Run AntiFold (residue probabilities, embeddings, sampled sequences)

# Residue probabilities, sample 10 sequences in CDRH3 from single PDB
python antifold/main.py \
    --out_dir output/single_pdb \
    --pdb_file data/pdbs/6y1l_imgt.pdb \
    --heavy_chain H \
    --light_chain L \
    --num_seq_per_target 10 \
    --sampling_temp "0.2" \
    --regions "CDRH3"

# Residue probabilities, sample 10 sequences at temperatures 0.20 & 0.30 in CDRs 1-3 from folder of PDBs
python antifold/main.py \
    --out_dir output/example_pdbs \
    --pdbs_csv data/example_pdbs.csv \
    --pdb_dir data/pdbs \
    --num_seq_per_target 10 \
    --sampling_temp "0.20 0.30" \
    --regions "CDR1 CDR2 CDR3"

# Extract ESM-IF1 embeddings from PDBs in folder, from all chains listed in untested.csv (not limited to VH/VL)
python antifold/main.py \
    --out_dir output/untested/ \
    --pdbs_csv data/untested.csv \
    --pdb_dir data/untested/ \
    --use_esm_if1_weights \
    --custom_chain_mode \
    --extract_embeddings

Input parameters

Required parameters:

- Option 1: PDB file (--pdb_file) + specified heavy and light chain (--heavy_chain and --light_chain)
- Option 2: PDB folder (--pdb_dir) + CSV file specifying chains (--pdbs_csv)
- Output directory (--out_dir) for output inverse folding probabilities CSV and optional generated sequences FASTA

Parameters for generating new sequences:

- Number of sequences to generate (--num_seq_per_target)
- Region to mutate (--region) based on inverse folding probabilities.

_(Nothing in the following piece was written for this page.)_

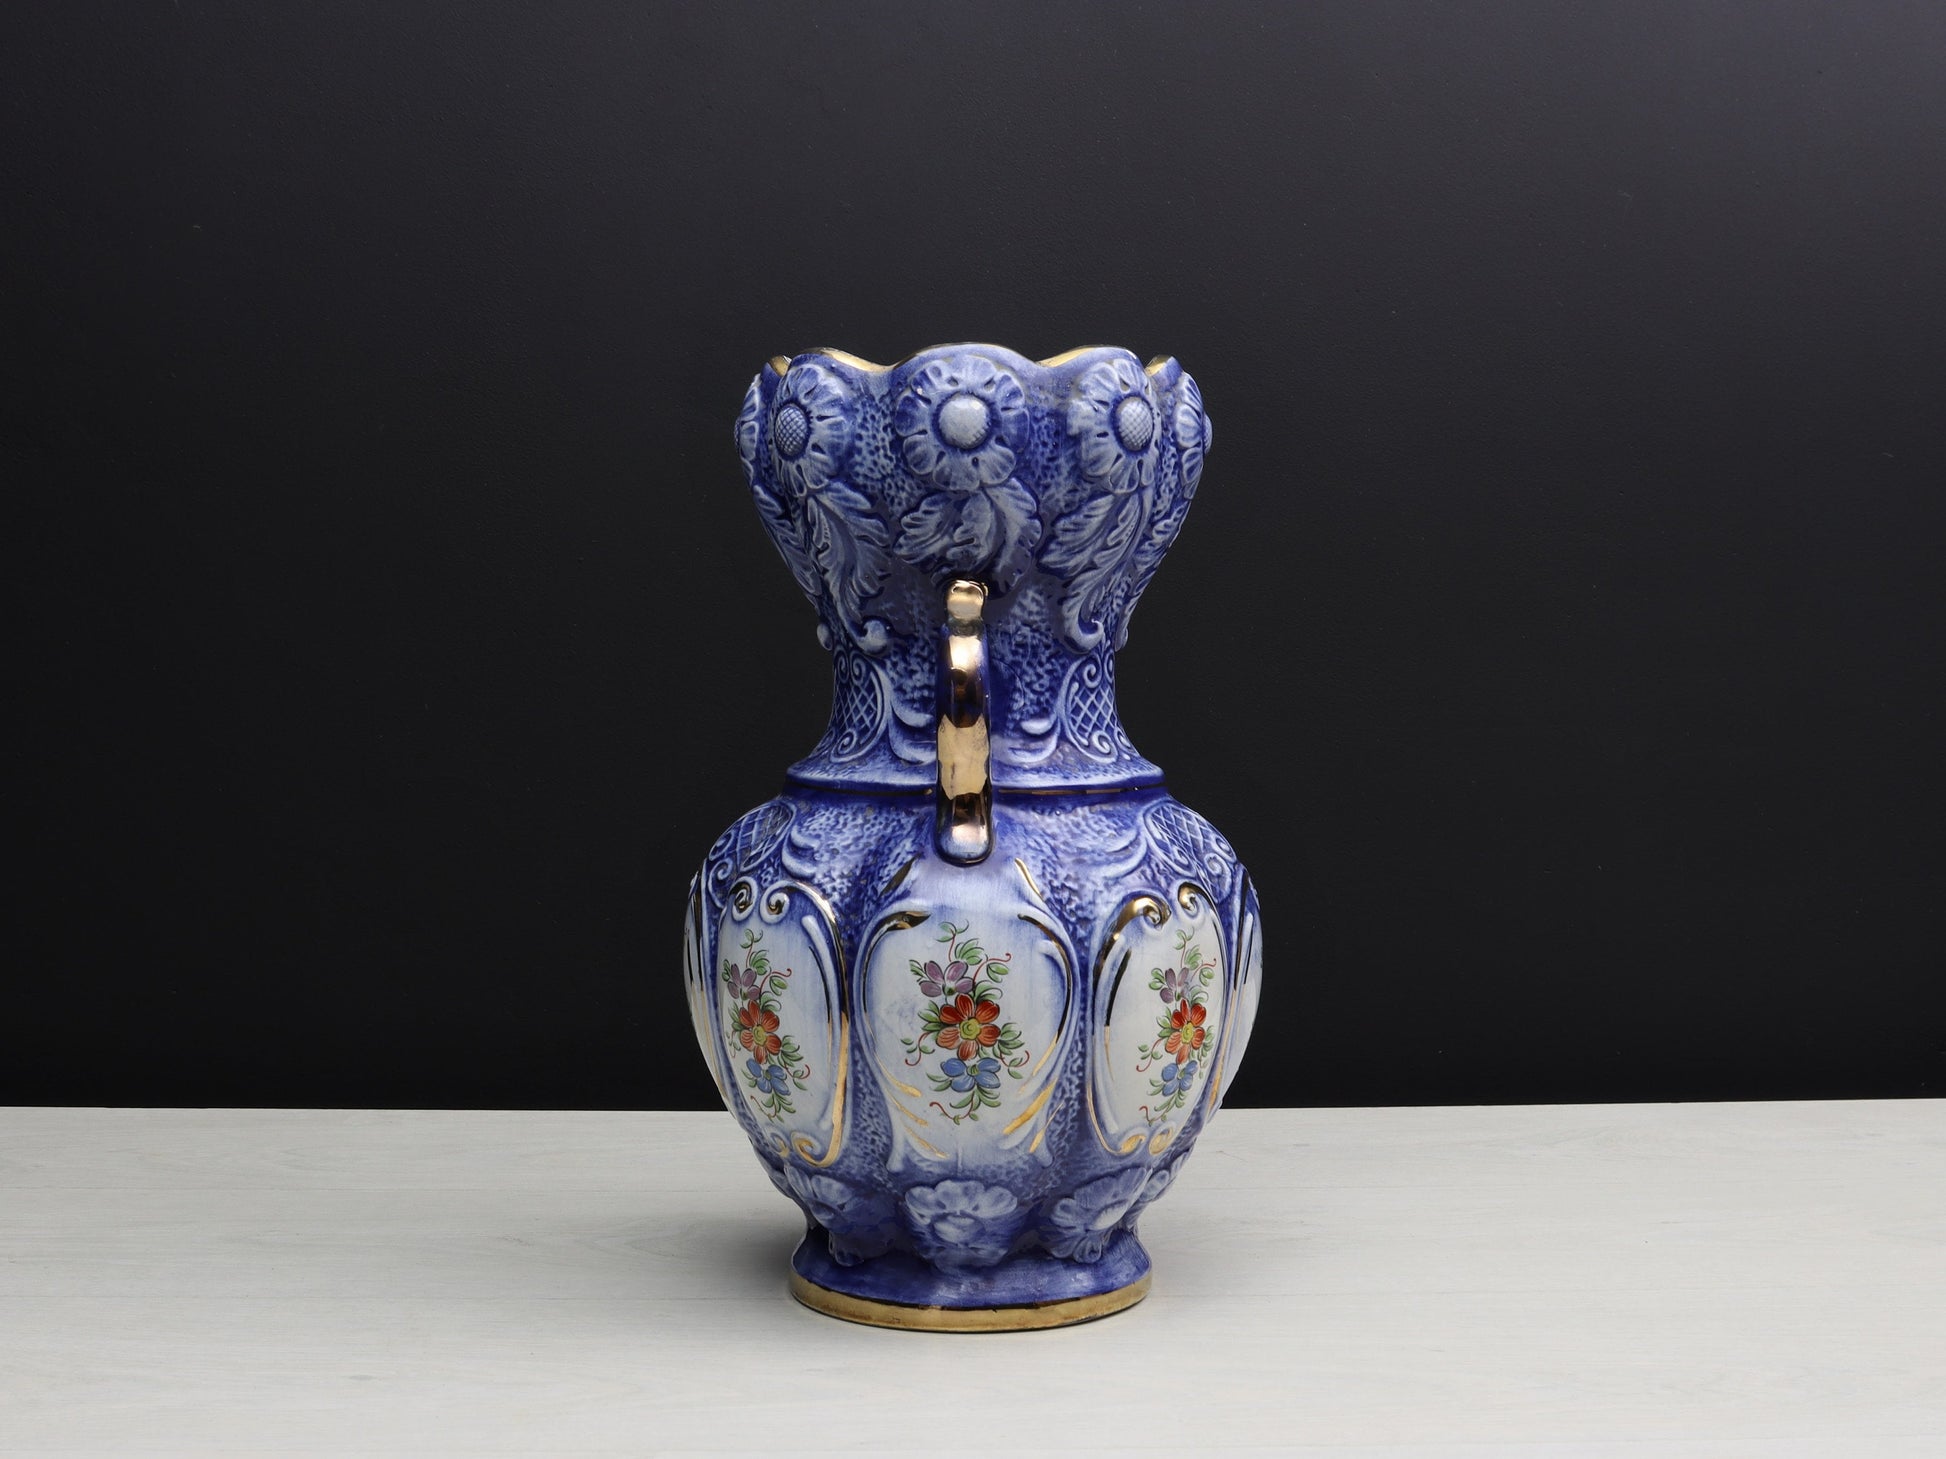 Elegant Centerpiece Vase | Decorative Vase-Vintage Home Decor

Select from list in IMGT_dict (e.g. 'CDRH1 CDRH2 CDRH3')
- Sampling temperature (--sampling_temp) controls generated sequence diversity, by scaling the inverse folding probabilities before sampling. Temperature = 1 means no change, while temperature ~ 0 only samples the most likely amino-acid at each position (acts as argmax).

Optional parameters:

- Multi-chain mode for including antigen or other chains (--custom_chain_mode) - Nb, experimental (see example above)
- Extract latent representations of PDB within model (--extract_embeddings)
- Use ESM-IF1 instead of AntiFold model weights (--model_path "ESM-IF1")

Example output

Output CSV with residue log-probabilities: Residue probabilities: 6y1l_imgt.csv

pdb_pos,pdb_chain,aa_orig,aa_pred,pdb_posins,perplexity,A,C,D,E,F,G,H,I,K,L,M,N,P,Q,R,S,T,V,W,Y
2,H,V,M,2,1.6488,-4.9963,-6.6117,-6.3181,-6.3243,-6.7570,-4.2518,-6.7514,-5.2540,-6.8067,-5.8619,-0.0904,-6.5493,-4.8639,-6.6316,-6.3084,-5.1900,-5.0988,-3.7295,-8.0480,-7.3236
3,H,Q,Q,3,1.3889,-10.5258,-12.8463,-8.4800,-4.7630,-12.9094,-11.0924,-5.6136,-10.9870,-3.1119,-8.1113,-9.4382,-6.2246,-13.3660,-0.0701,-4.9957,-10.0301,-6.8618,-7.5810,-13.6721,-11.4157
4,H,L,L,4,1.0021,-13.3581,-12.6206,-17.5484,-12.4801,-9.8792,-13.6382,-14.8609,-13.9344,-16.4080,-0.0002,-9.2727,-16.6532,-14.0476,-12.5943,-15.4559,-16.9103,-17.0809,-10.5670,-13.5334,-13.4324
...

Output FASTA file with sampled sequences: 6y1l_imgt.fasta

>6y1l_imgt , score=0.2934, global_score=0.2934, regions=['CDR1', 'CDR2', 'CDRH3'], model_name=AntiFold, seed=42
VQLQESGPGLVKPSETLSLTCAVSGYSISSGYYWGWIRQPPGKGLEWIGSIYHSGSTYYN
PSLKSRVTISVDTSKNQFSLKLSSVTAADTAVYYCAGLTQSSHNDANWGQGTLVTVSS/V
LTQPPSVSAAPGQKVTISCSGSSSNIGNNYVSWYQQLPGTAPKRLIYDNNKRPSGIPDRF
SGSKSGTSATLGITGLQTGDEADYYCGTWDSSLNPVFGGGTKLEIKR
> T=0.20, sample=1, score=0.3930, global_score=0.1869, seq_recovery=0.8983, mutations=12
VQLQESGPGLVKPSETLSLTCAVSGASITSSYYWGWIRQPPGKGLEWIGSIYYSGSTYYN
PSLKSRVTISVDTSKNQFSLKLSSVTAADTAVYYCAGLYGSPWSNPYWGQGTLVTVSS/V
LTQPPSVSAAPGQKVTISCSGSSSNIGNNYVSWYQQLPGTAPKRLIYDNNKRPSGIPDRF
SGSKSGTSATLGITGLQTGDEADYYCGTWDSSLNPVFGGGTKLEIKR
...

Example notebook

Notebook: notebook.ipynb

import pandas as pd

# Put IMGT numbered PDBs (Fv only, IMGT position 1-128) to process and load a CSV file with PDB names and heavy/light chains
# Define the PDB and chains in DataFrame
pdb_dir = "data/pdbs"
df_pdbs = pd.read_csv("data/example_pdbs.csv")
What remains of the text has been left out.